In life, the Darwin Awards apply, whether you’re on drugs or not. Some people can handle drugs and some can’t.

I think we’ve all seen what happens to friends and family when people can’t cope with them, or when they take undue risks to get high. A family that has always been quite close to ours lost its sensitive
and talented middle child to some bad heroin one night in New York City; he was in his 30s. Another kid I knew and worked with many a summer led a life of drugs and dissolution, stealing from his own parents as an adult, until he managed to ruin his body to the point that it killed him.

And I know many more stories involving our legal drug. alcohol; I have seen it bring heartache and pain, emotional and physical, to people who could have and should have had happier and longer lives
.

I also know people in their 70s who have smoked pot their entire lives and seem none the worse for wear. Just about everyone I was close to growing up has violated our Prohibition laws on multiple occasions and most of them are quite happy and successful today.

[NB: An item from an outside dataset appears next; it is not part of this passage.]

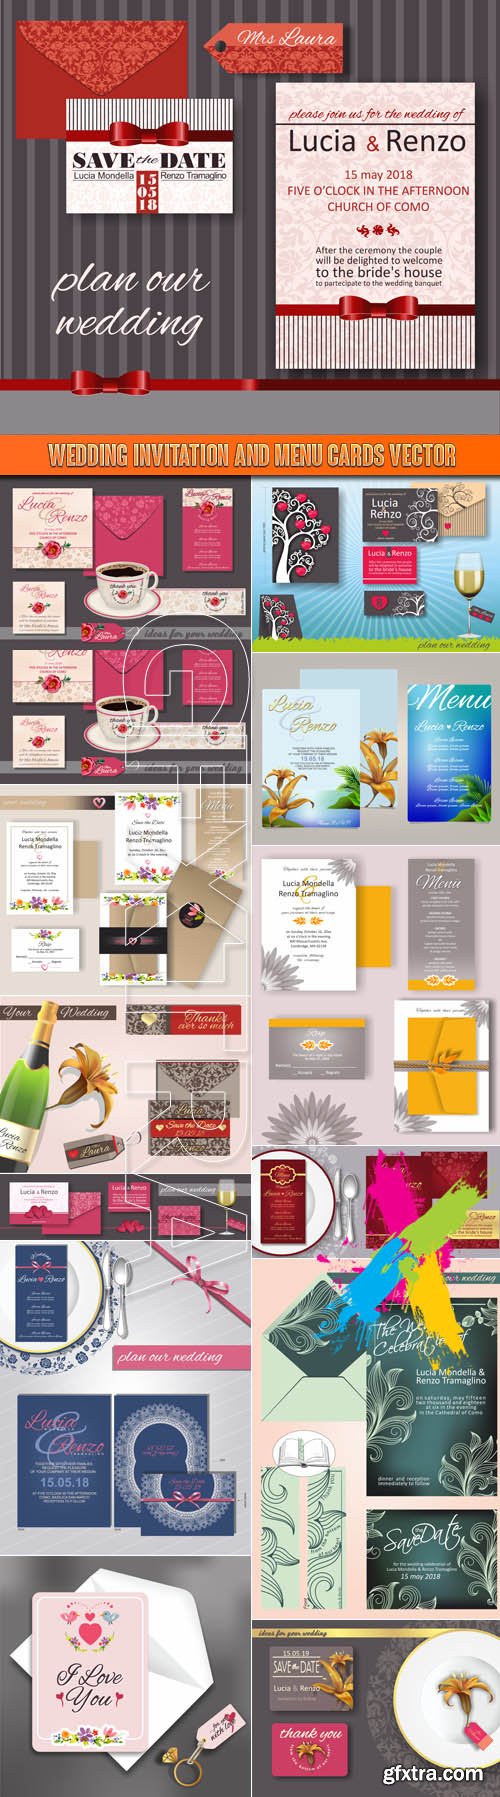 Wedding invitation and menu cards vector
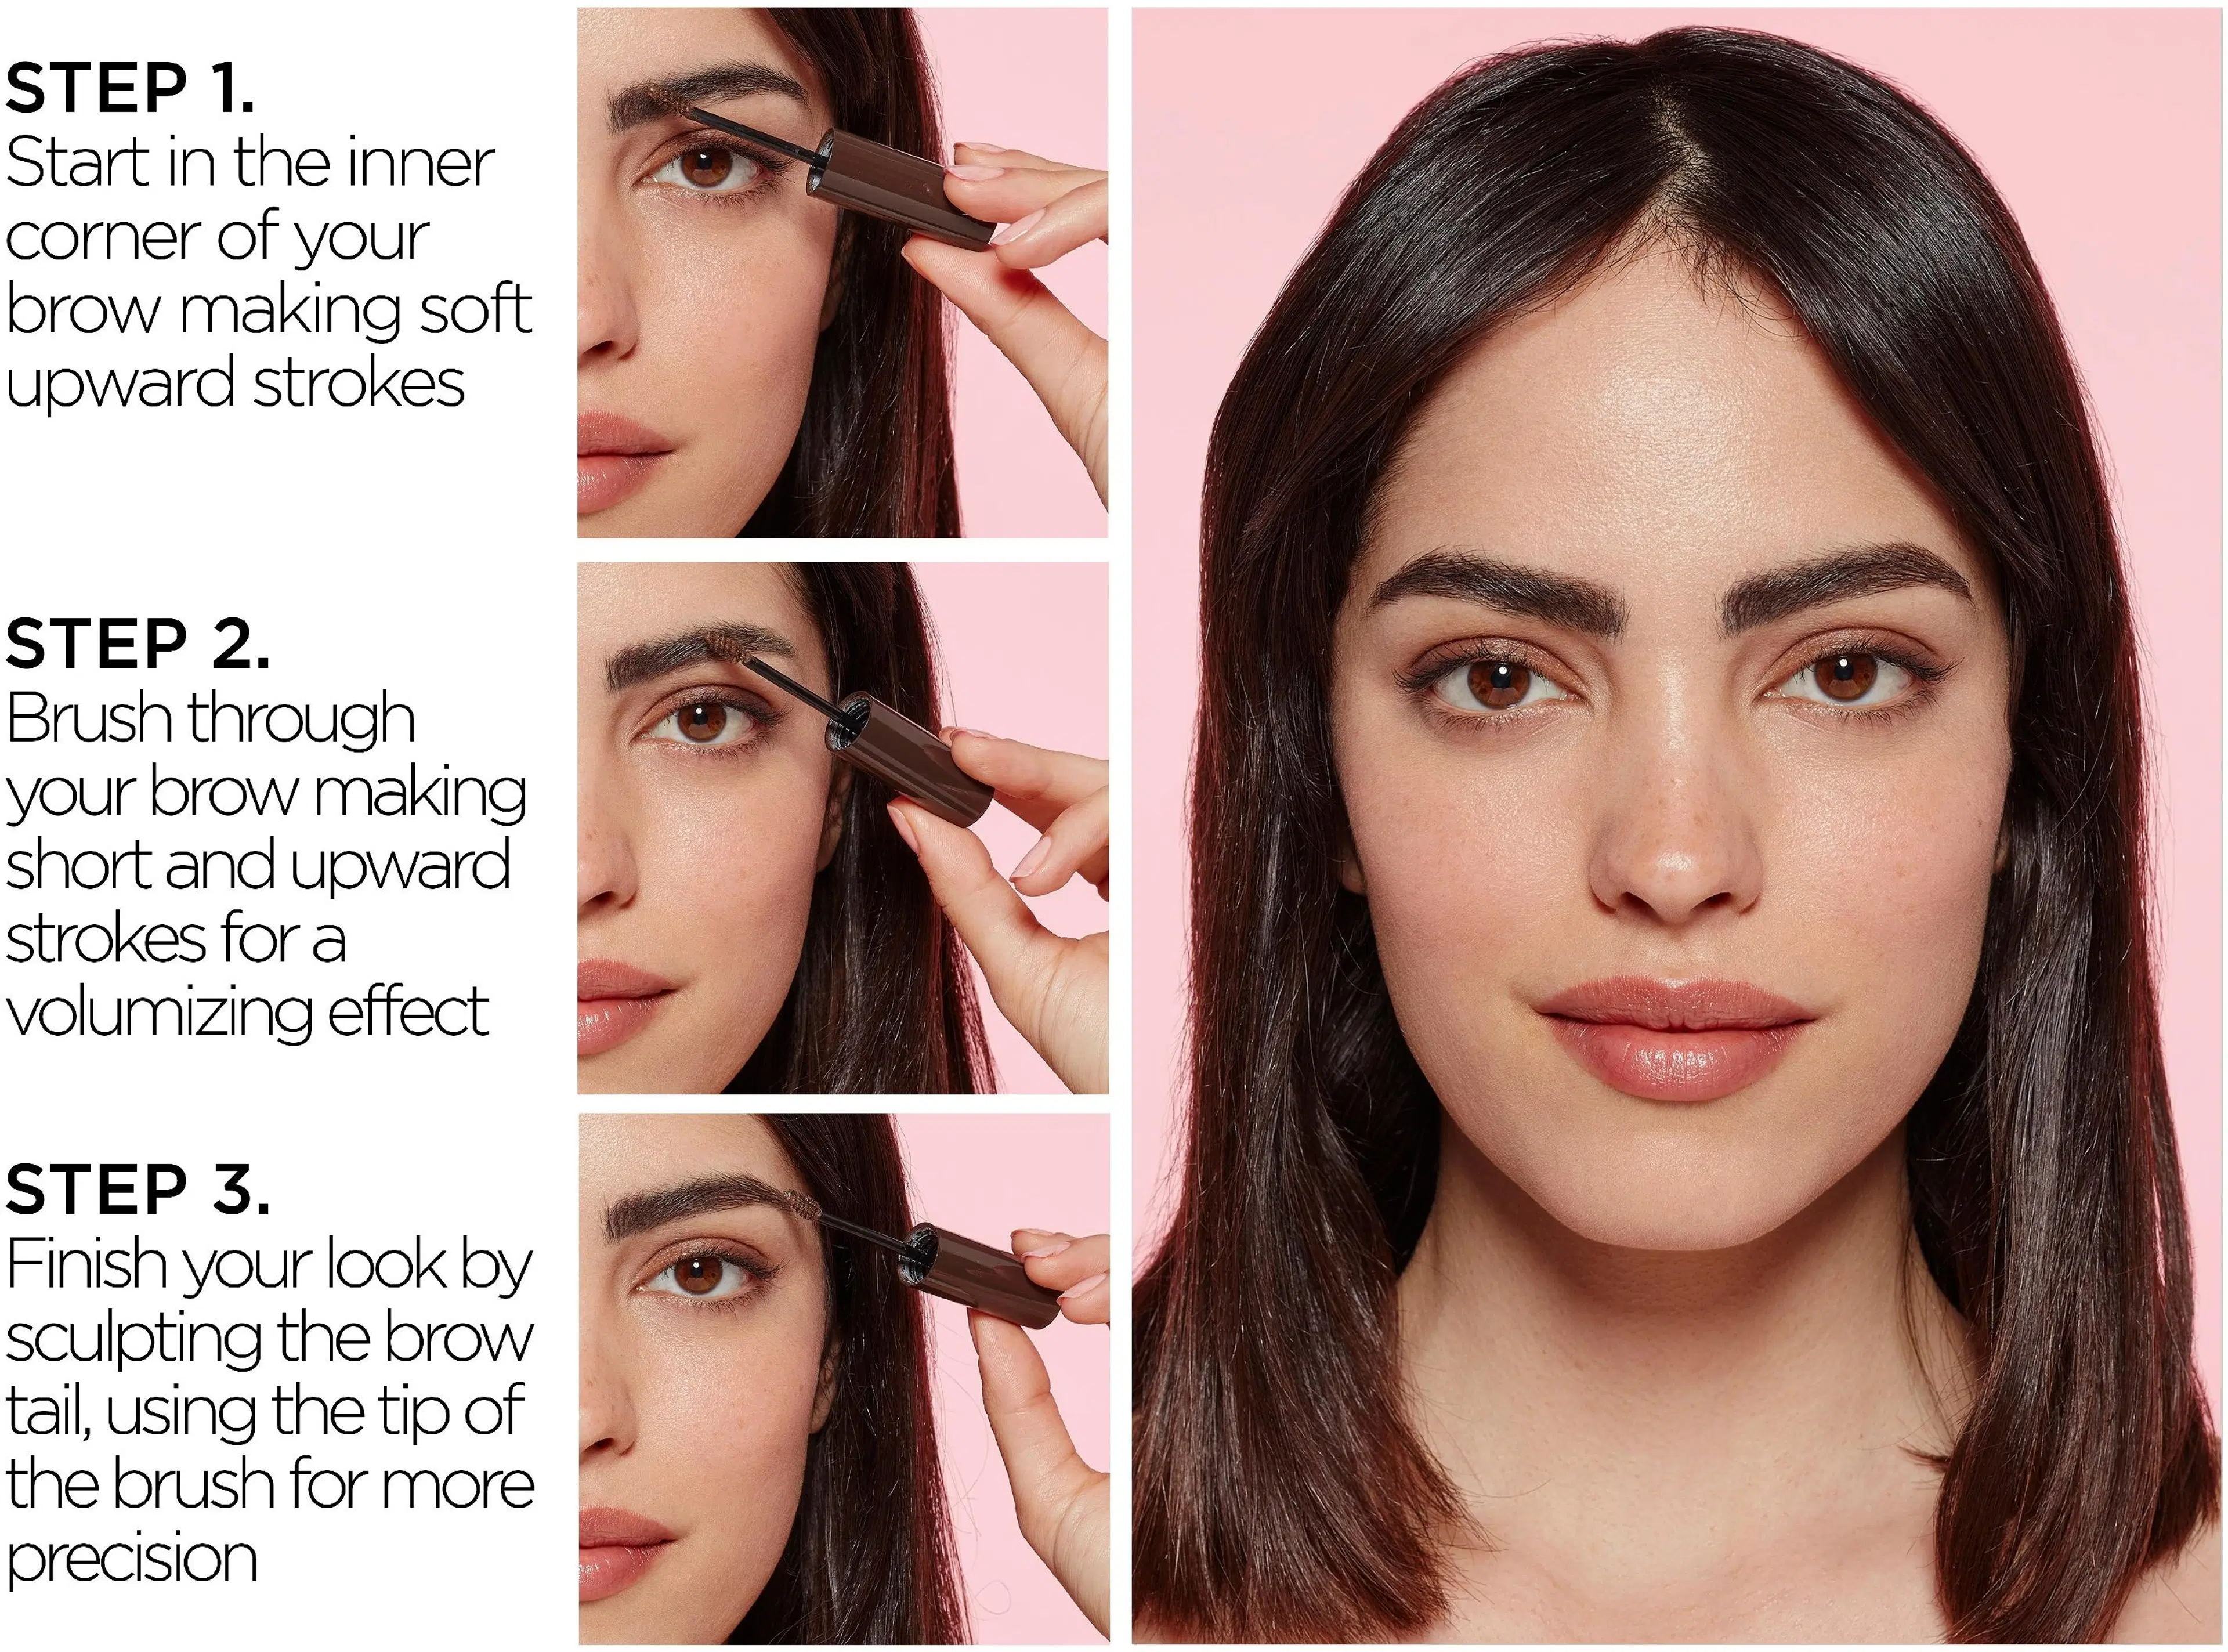 L'Oréal Paris Infaillible Brows 24H Volumizing Eyebrow Mascara Clear kulmamaskara 4,9ml

Which leads me back to my point: Our drug laws are dopey. They’re not respected and they don’t work.

People will do what people will do, whether they’re 23-year-old swimmers or 60-year-old cancer patients. Perhaps some day American society will be ready for an adult discussion of drugs -- why they should be legal (or at least managed more sensibly) and why you should make the choice to use them sparingly.

Until then, let’s drop the hypocrisy. Let’s zip the flimsy moral outrage. Drugs are everywhere. They always have been, they always will be, and in a free society Prohibition will always fail.